Therefor, the RIRs should give the most attention to keeping the most accurate records possible of who has the right to use - and therefor advertise - each block. This priority is relevant because RIRs do not actually have the ability to "stop transfers", just the ability to refuse to record them. For the good of the Internet globally, we should recognize that this priority is more important than any attempt to induce moral behavior in any region.
John
On 2009Apr17, at 1:08 PM, Skeeve Stevens wrote:
I am wondering. 050 is about resource transfers.
But does anyone have an opinion on resource leasing?
Example... I enter into a private agreement with a party to lease them an AS and the rights to route (or attempt to do so) a /21, and charge them a yearly fee.
050 stops transfers, but who cares about 050 if there are easier, simpler ways to accomplish the same thing – but better... I still own it in the end.
You could even have a broker that leased lots of excess address space from members for a certain period, and based on the scarcity, the size of the resource, then sub-leased it to different parties at rates according to demand at the time – kind of like the real estate rental market.
I guess the concept of leasing address space is already a standard one as most ISP’s I know, and in ones I have built, we have levied a fee on the end customer for larger than the default allocation as a cost recovery method of our APNIC fees in having them in the first place.
Thoughts?

On Apr 17, 2009, at 1:36 PM, John Schnizlein wrote:
I think you are right to observe that this, and probably even more creative, agreements among parties holding IPv4 address blocks are likely to occur "in the wild" when there are too few addresses for allocation from the free pools. I doubt that RIR policy will anticipate and/or control the full variety.
Therefor, the RIRs should give the most attention to keeping the most accurate records possible of who has the right to use - and therefor advertise - each block. This priority is relevant because RIRs do not actually have the ability to "stop transfers", just the ability to refuse to record them. For the good of the Internet globally, we should recognize that this priority is more important than any attempt to induce moral behavior in any region.
John
FWIW I agree with John. I think his description of the situation also helps to clarify the nature of the key challenge, i.e., how to maintain "the most accurate possible" registration records, and to ensure that that quality level (i.e., of completeness, timeliness, and accuracy of registration records) always meets or exceeds the minimum required to both (a) preserve general confidence in the uniqueness of number resources, and (b) fully satisfy the reasonable/legitimate global demand for identifiability of number resources. If these benchmarks cannot be maintained, then the Internet functions that depend on number resource uniqueness will be jeopardized, and/or other institutions will emerge to satisfy the unmet demand for uniqueness and identifiability. Thus, this is not (or only secondarily) a moral issue; it is a fundamental technical and institutional requirement.

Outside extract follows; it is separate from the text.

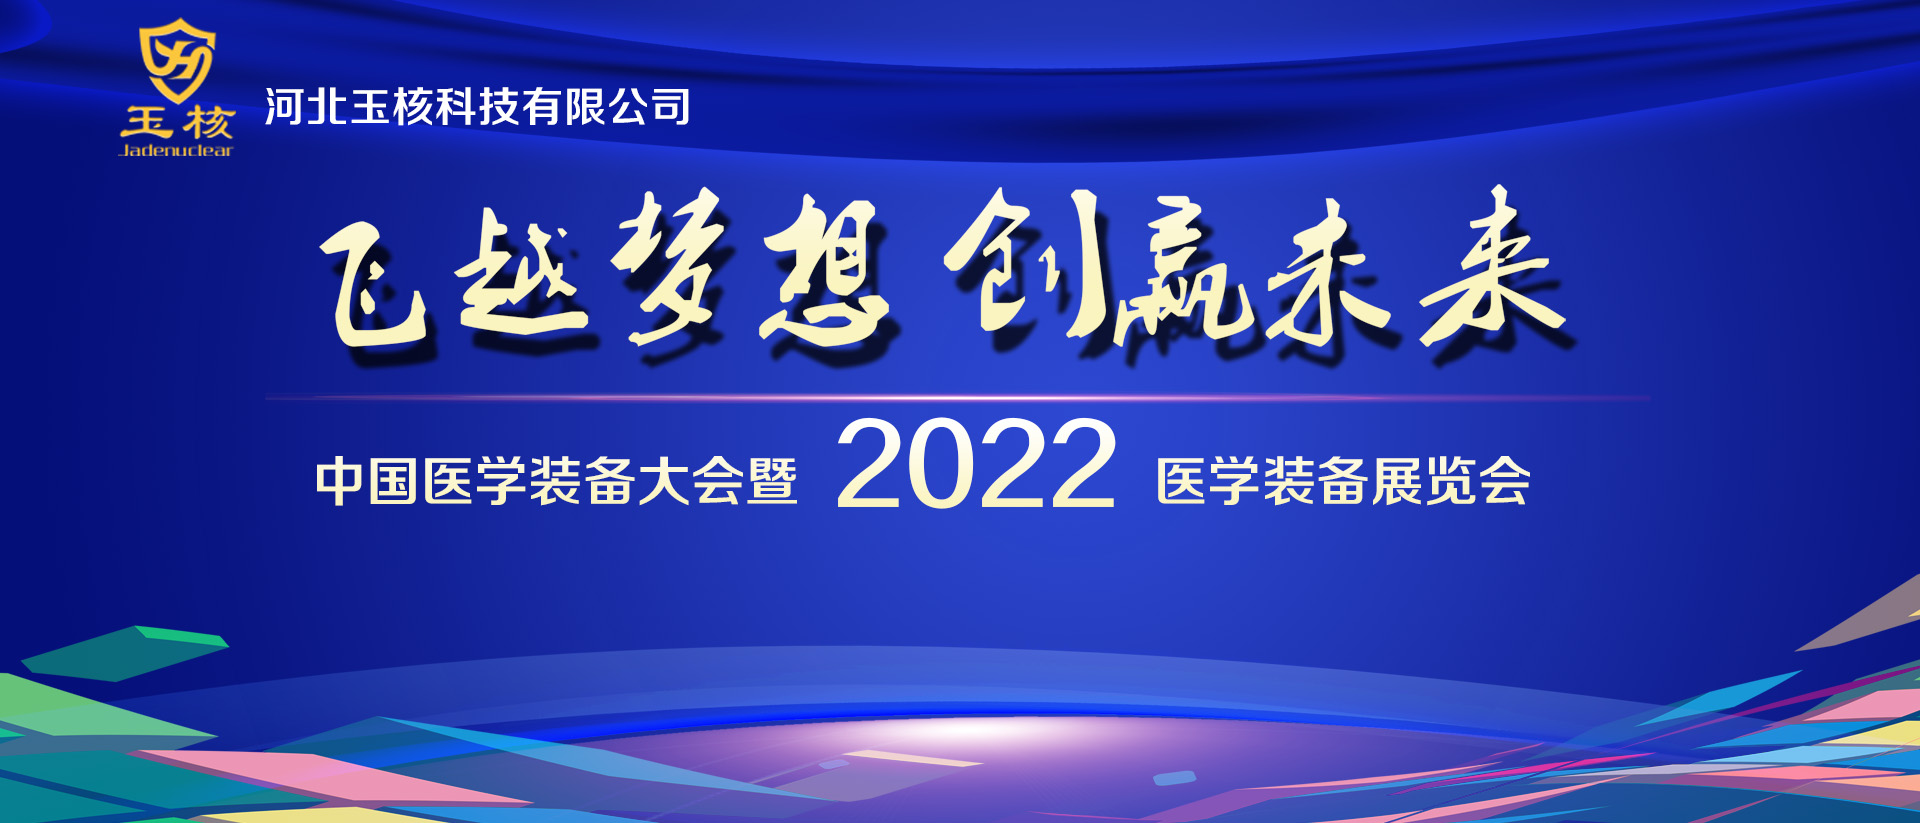 中国医学装备大会暨 2022 医学装备展览会

The challenge lies in identifying some purely voluntary, private interest-driven mechanism that could satisfy these minimum technical requirements over time. One might envision this problem as being roughly equivalent to the challenge that a society might face if universal automobile registration were widely regarded as important (for various reasons, as it is in most countries), but no police- equivalent existed -- or had ever existed -- to monitor compliance, to serve as a passive but visible deterrent against non-compliance, and to take enforcement actions if/when necessary. In the absence of such a policing mechanism, how might a society that regarded registration as important seek to realize that objective?
How do APNIC community members expect handle this challenge?
TV
On 2009Apr17, at 1:08 PM, Skeeve Stevens wrote:
I am wondering. 050 is about resource transfers.
But does anyone have an opinion on resource leasing?
Example... I enter into a private agreement with a party to lease them an AS and the rights to route (or attempt to do so) a /21, and charge them a yearly fee.
050 stops transfers, but who cares about 050 if there are easier, simpler ways to accomplish the same thing – but better... I still own it in the end.
You could even have a broker that leased lots of excess address space from members for a certain period, and based on the scarcity, the size of the resource, then sub-leased it to different parties at rates according to demand at the time – kind of like the real estate rental market.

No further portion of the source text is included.